C.E.: I love watching them. They feel like little Freudian puzzles to me. They were very personal, and very experimental in way. I tried to step up the bar with each one in terms of scale, trying to make it bigger each time. Finally, while on the set of To My Mother and Father I felt like I will/should be a filmmaker for life.
Talk to us about Baskin, your first feature film based on a short of the same name. In your own words, how would you describe it?
C.E.: A modern Turkish festival film, descending into a mud of black mass.
The film follows five police officers who go through a trapdoor to Hell. Where did the idea come from?
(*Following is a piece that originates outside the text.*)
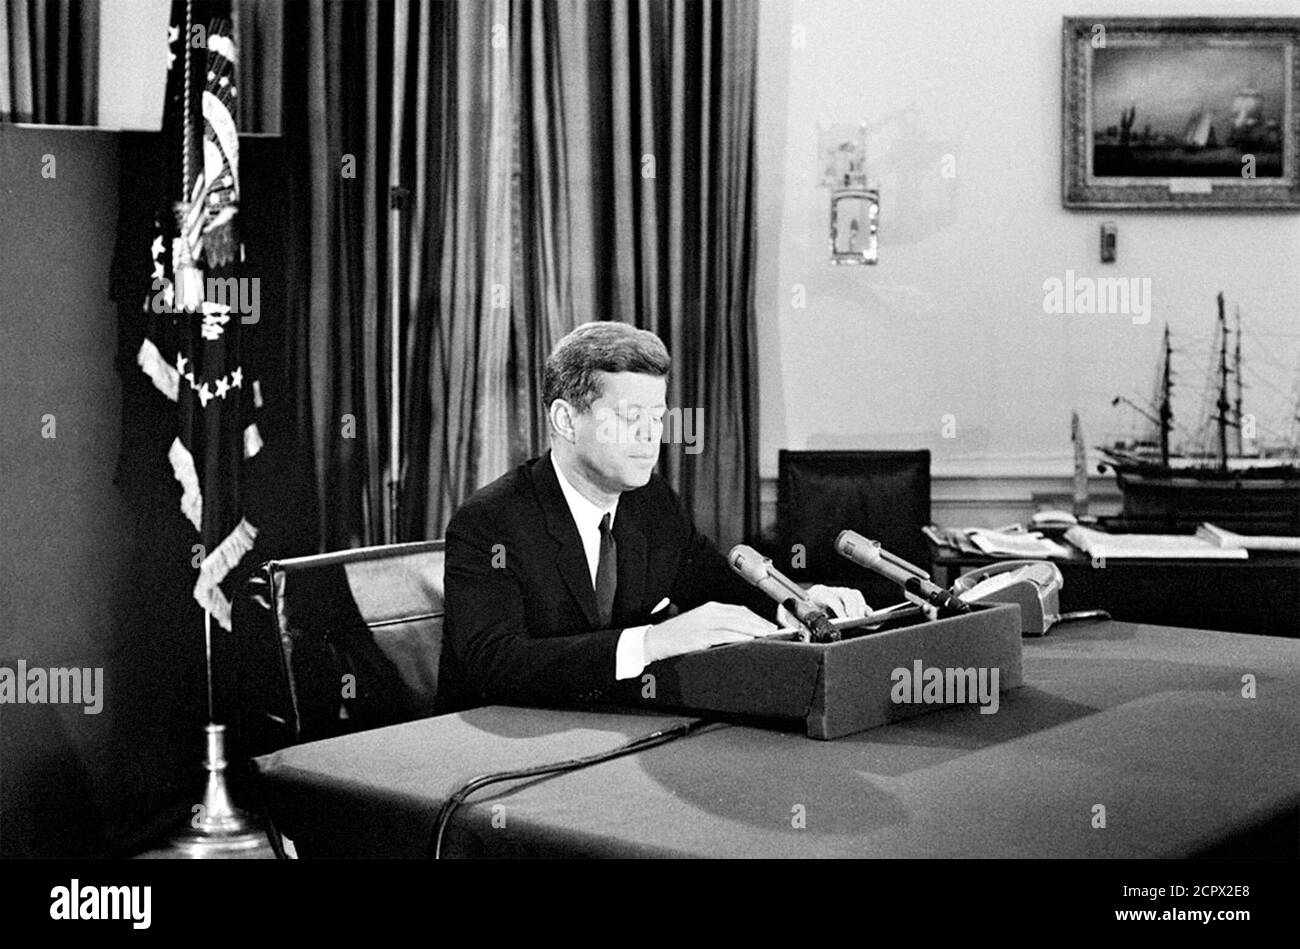 Crisi missilistica cubana. Il presidente John F Kennedy si rivolge alla nazione dell'Ufficio ovale il 22 ottobre 1962 per quanto riguarda la minaccia dei missili sovietici a Cuba. Foto Stock

C.E.: Baskin is basically inspired by my dreams, nightmares and favourite horror films (as much as my co-writers’) I am not sure where the idea came from really. One night I was inspired and set down to write a scene where a group of cops in a car are talking and joking, and when they arrive their destination it is only a pitch black alleyway. Without realising, they find themselves in a Twilight Zone-ish atmosphere. The whole feature idea later shaped around this single scene.
In my opinion, in Baskin, hell is part of the human being, of the human life. The dialogues and the attitudes of the cops are as disgusting as the infernal creatures in the macabre building... talk about your representation of hell.
C.E.: Heaven and Hell are on this earth. Worse, in our minds. :)
Tell us something about "The Father", the interesting and disturbing character who "takes care" of the damned souls...
C.E.: The Father is based on the idea of this person who has the power to unlock into your mind, and can find your worst fear and crush your soul by using it against you. In time, he changed into this demon, hunting people’s nightmares and luring them to his own pit.
What are your future plans?
C.E.: I have 2 new scripts I’m working on. Also looking into a possible English script.